[INFORMATION PROVIDED]:
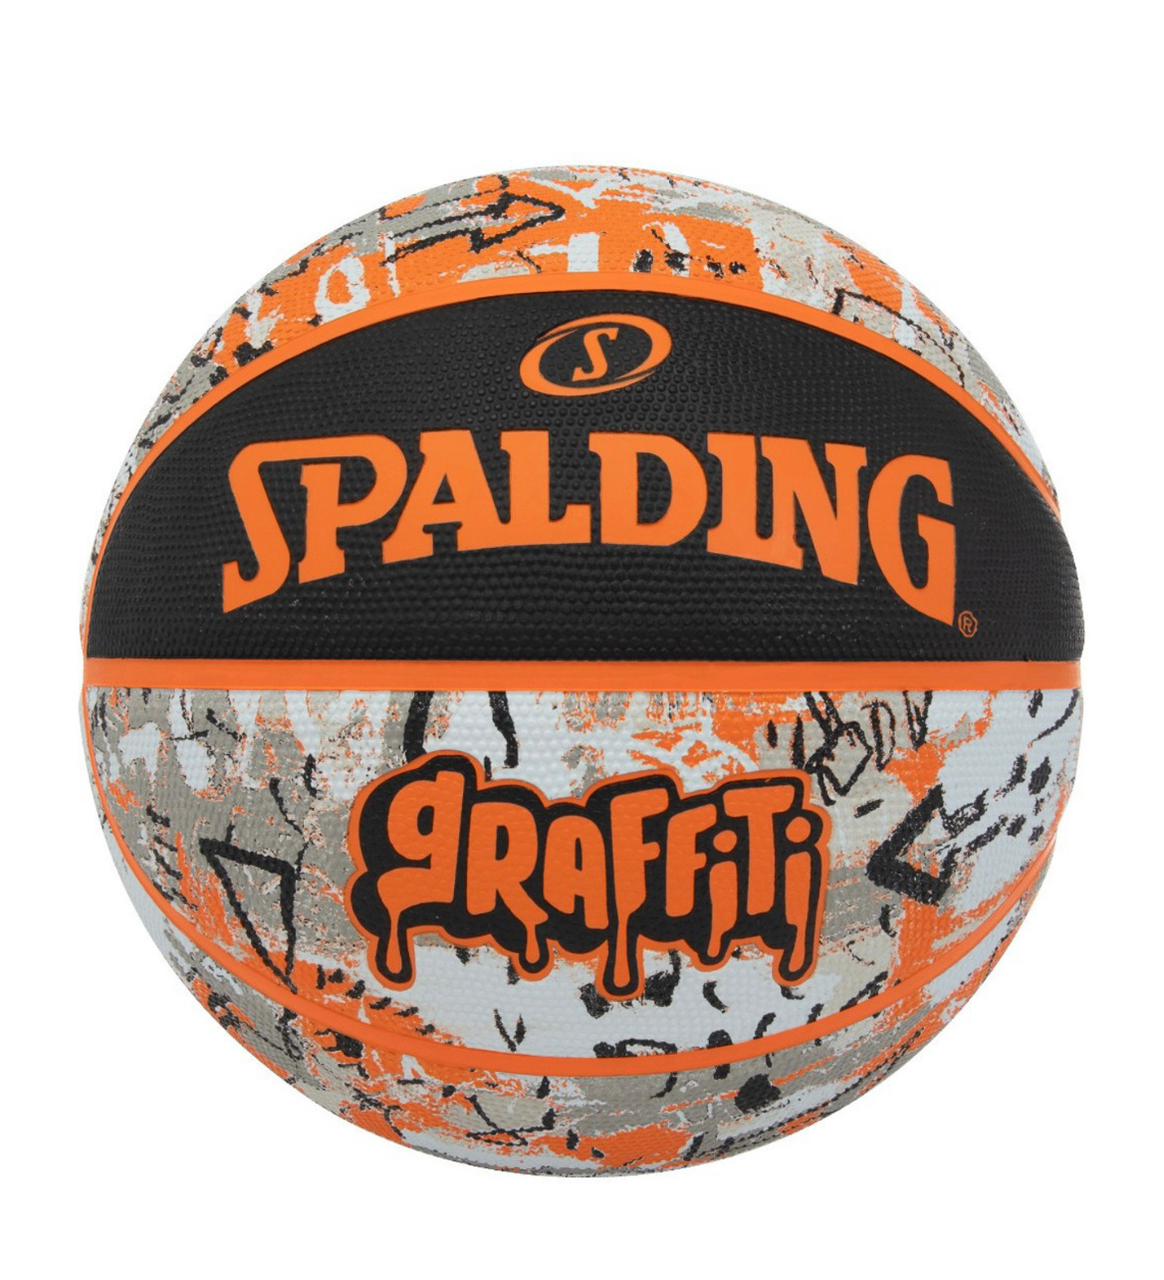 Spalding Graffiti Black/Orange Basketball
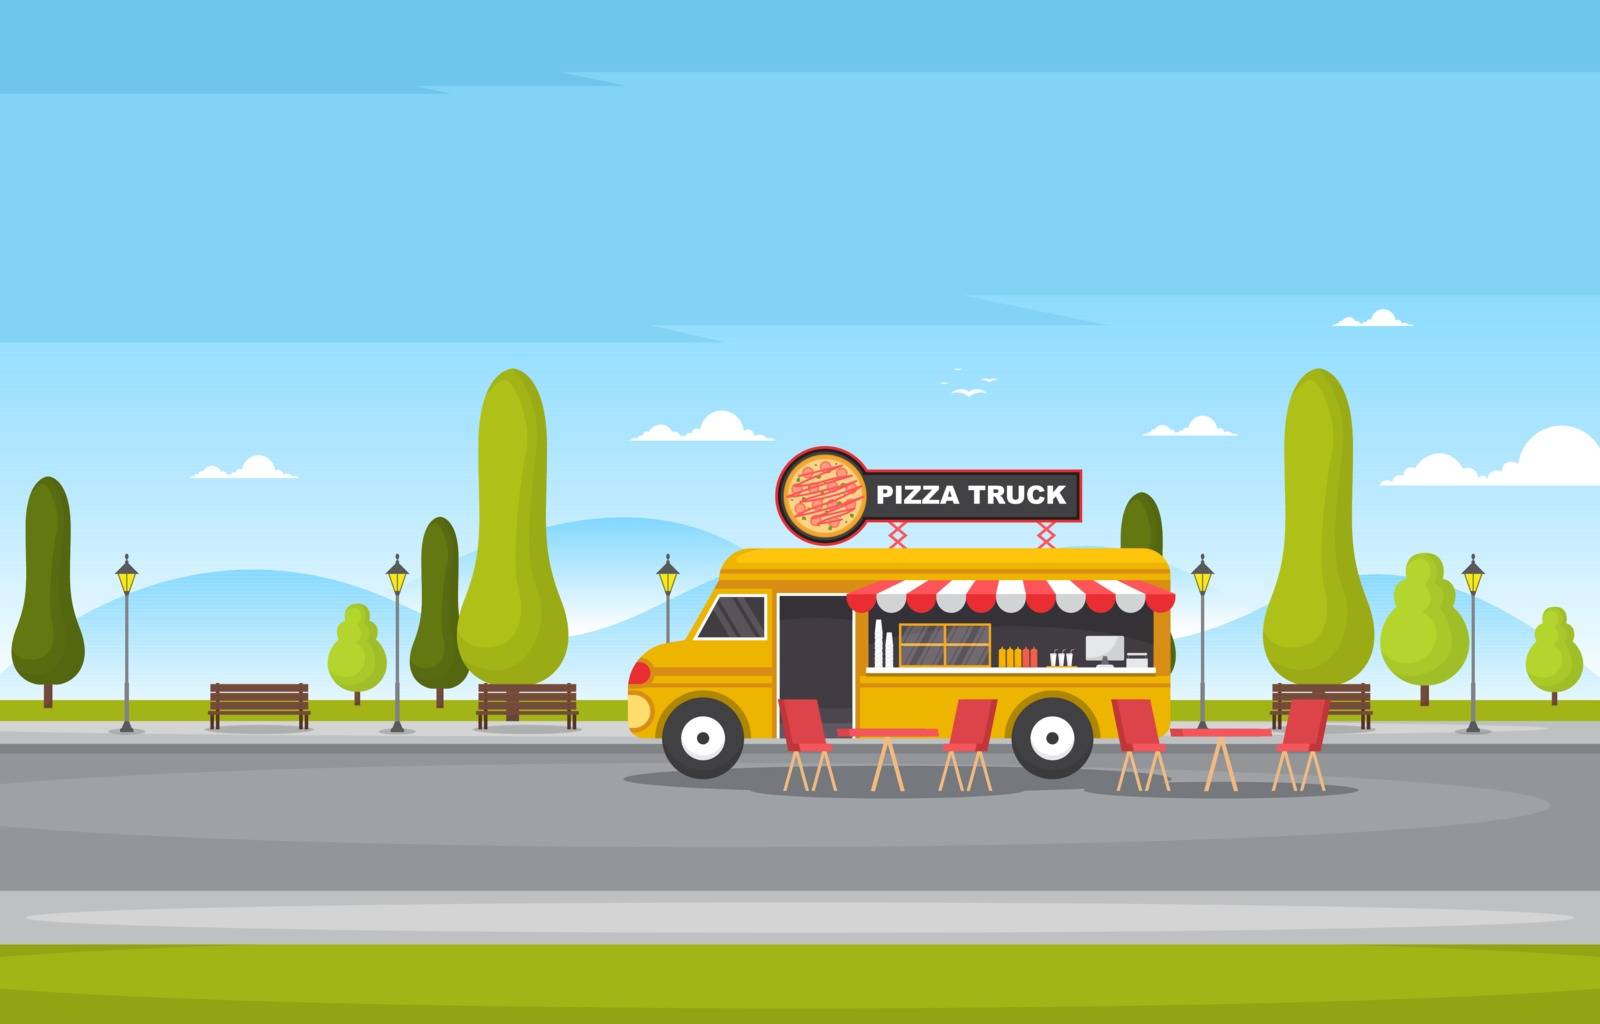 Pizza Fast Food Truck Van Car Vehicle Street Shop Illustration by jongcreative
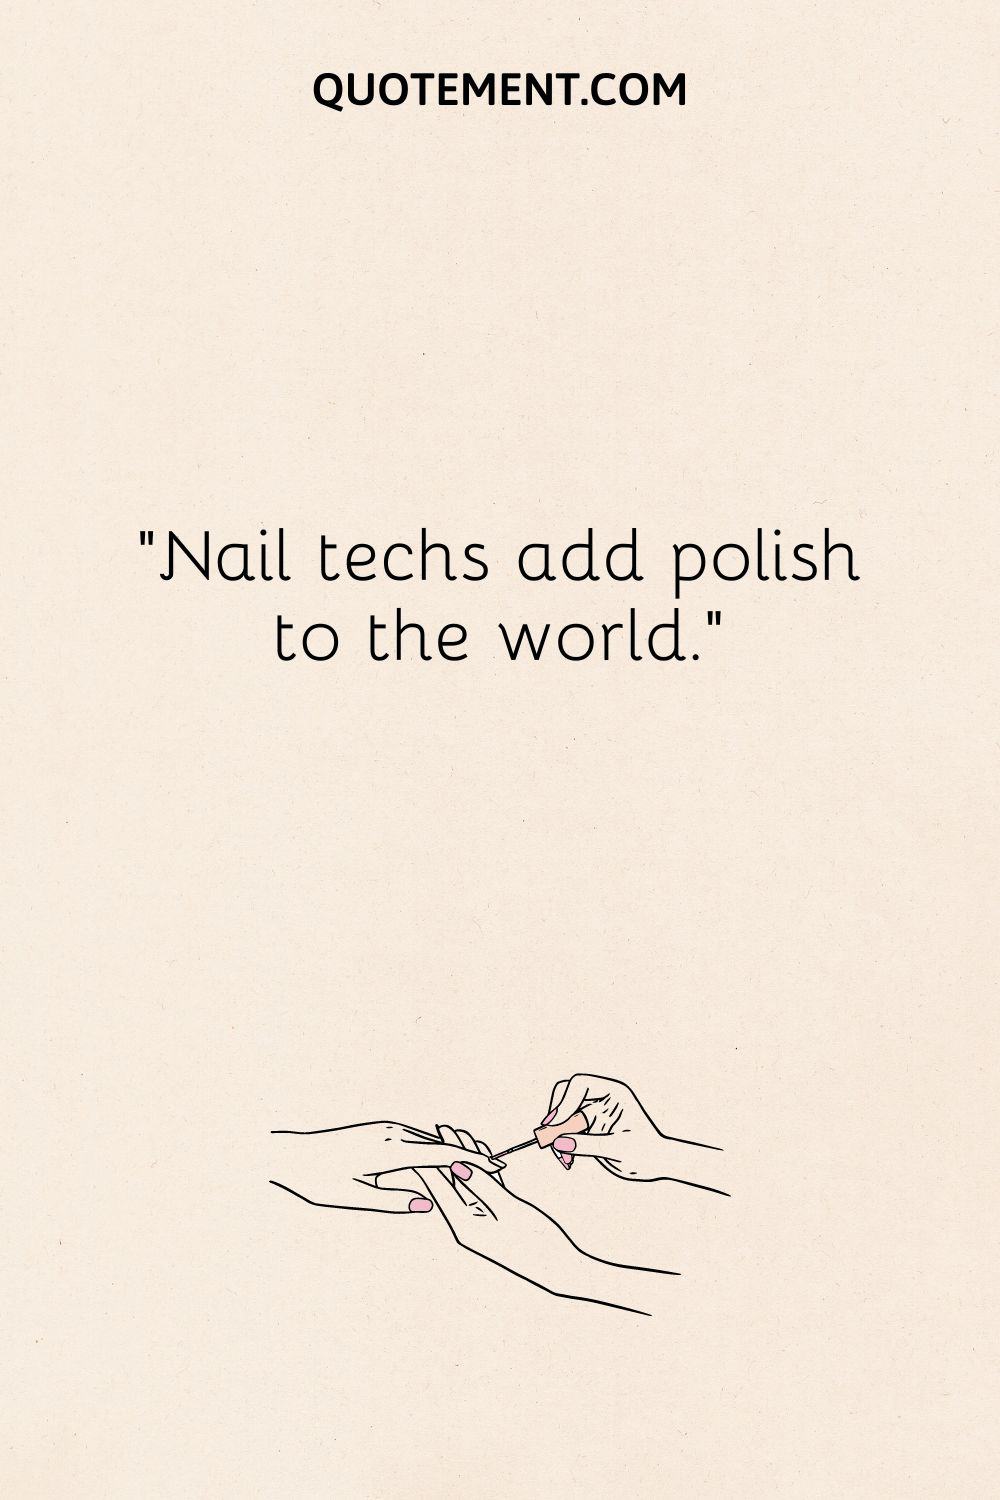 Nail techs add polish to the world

[TASK PROMPT]: Without the images, print all of the lines above exactly.

[TASK ANSWER]:
 Spalding Graffiti Black/Orange Basketball
 Pizza Fast Food Truck Van Car Vehicle Street Shop Illustration by jongcreative
 Nail techs add polish to the world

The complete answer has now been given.